Work to complete:
Copy out only the lines running from the one that contains "Happy wedding anniversary!" through the end of the listing. Pictures stay out.

The data:
.....

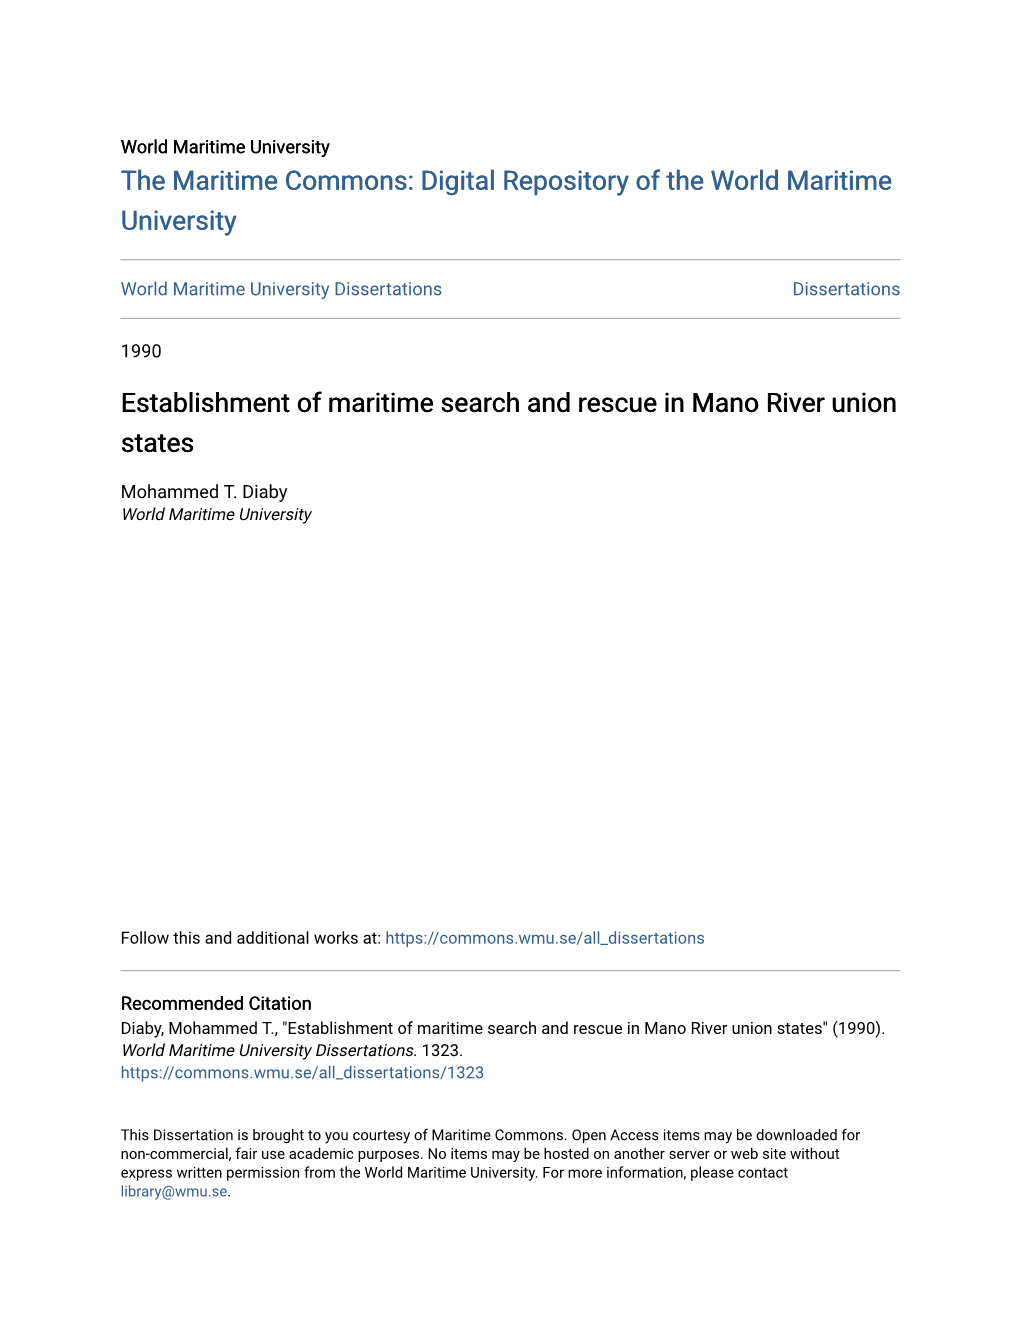 Establishment of Maritime Search and Rescue in Mano River Union States
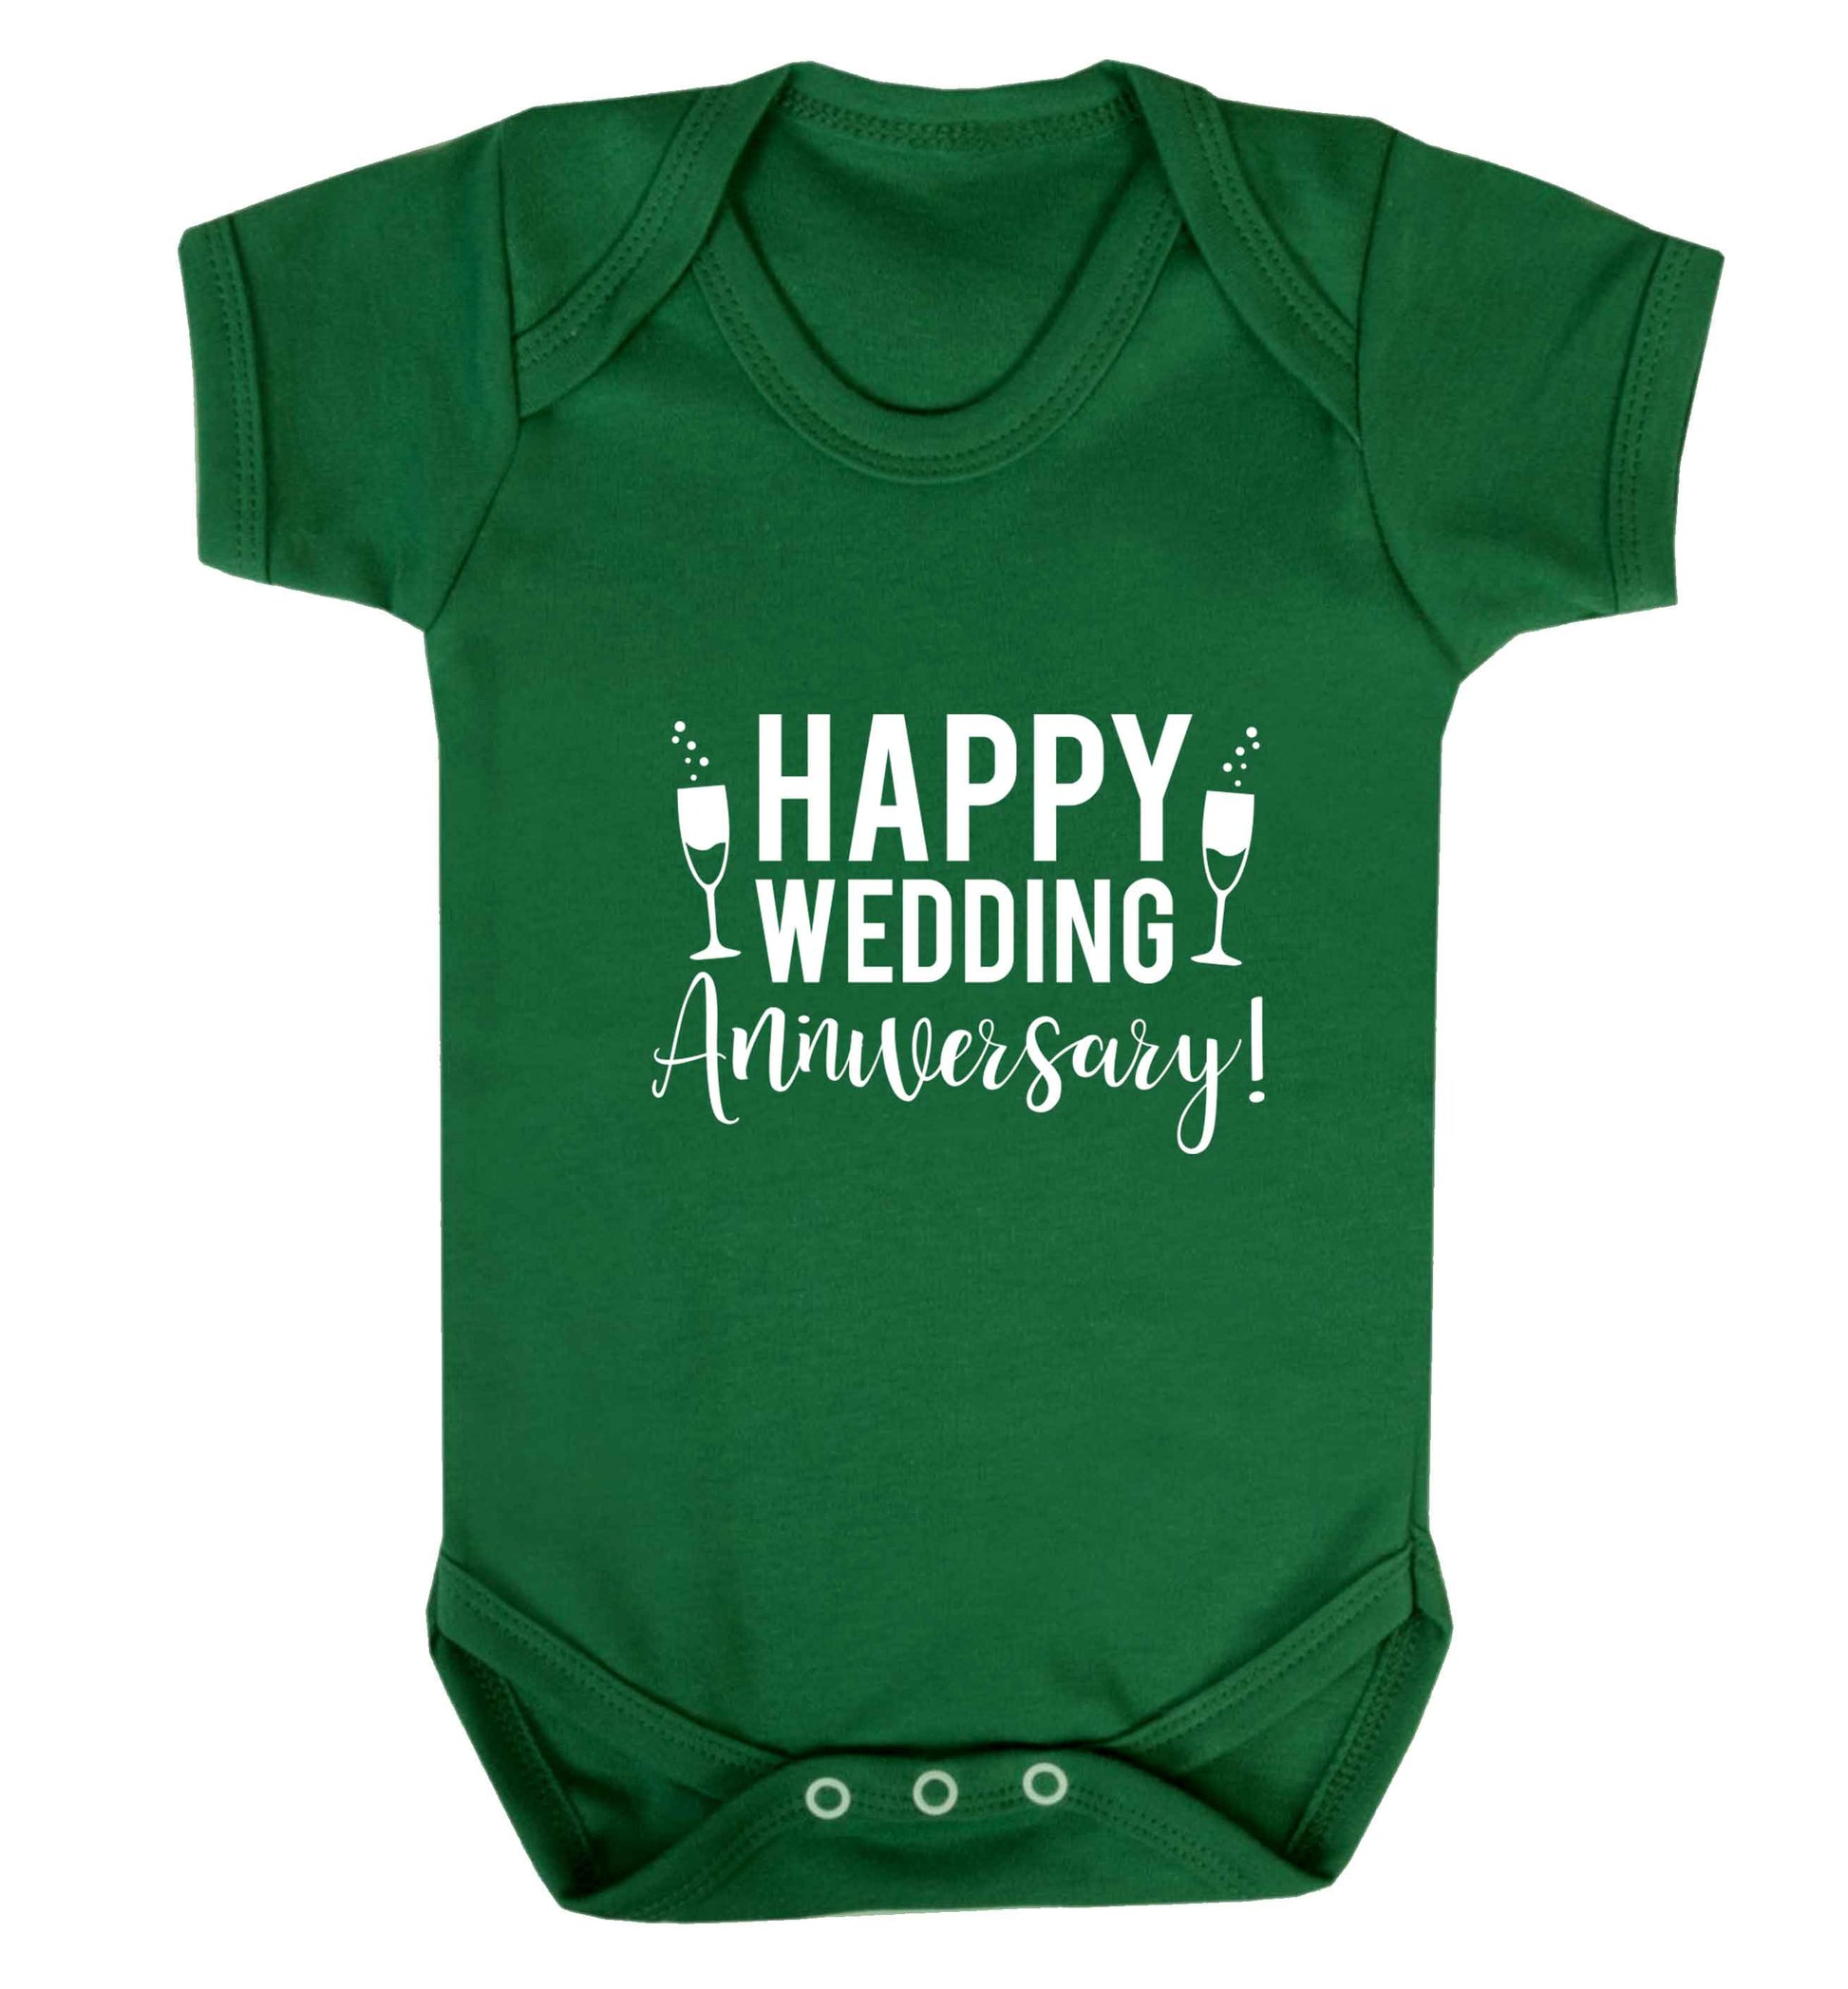 Happy wedding anniversary! baby vest green 18-24 months
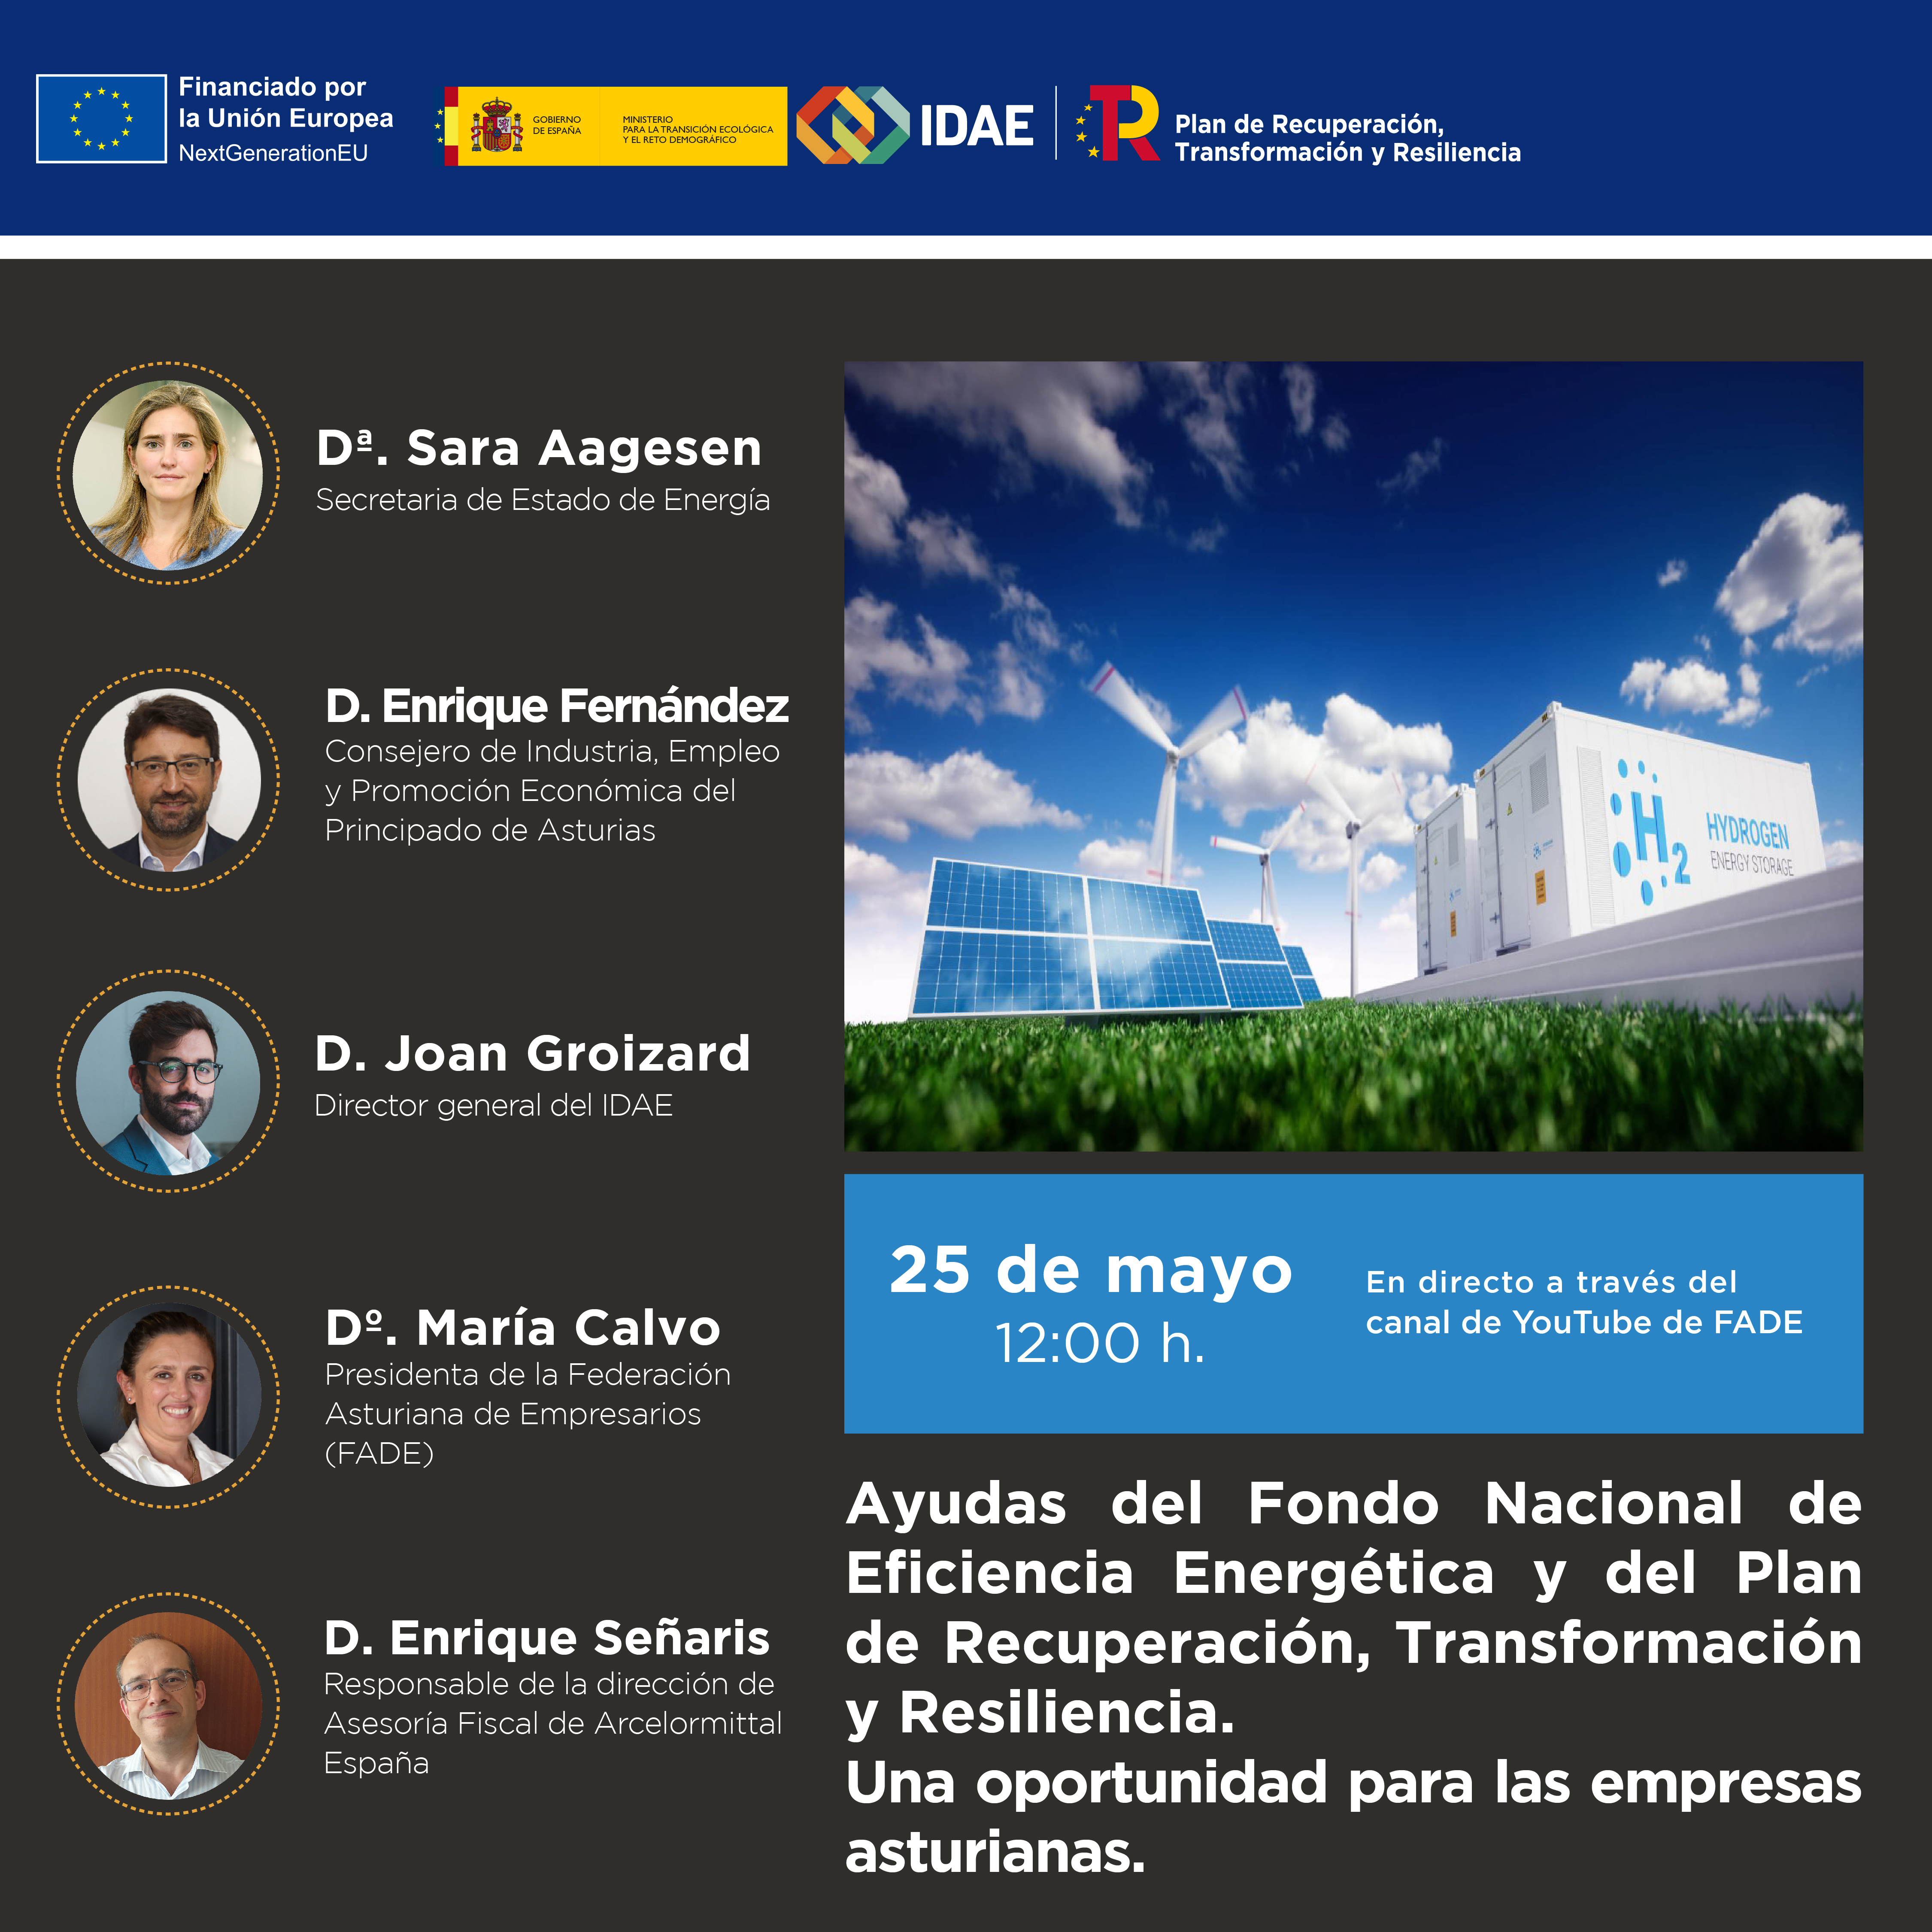 Ayudas del Fondo Nacional de Eficiencia Energética y del Plan de Recuperación, Transformación y Resiliencia. Una oportunidad para las empresas asturianas

.....

Final answer:
 Happy wedding anniversary! baby vest green 18-24 months
 Ayudas del Fondo Nacional de Eficiencia Energética y del Plan de Recuperación, Transformación y Resiliencia. Una oportunidad para las empresas asturianas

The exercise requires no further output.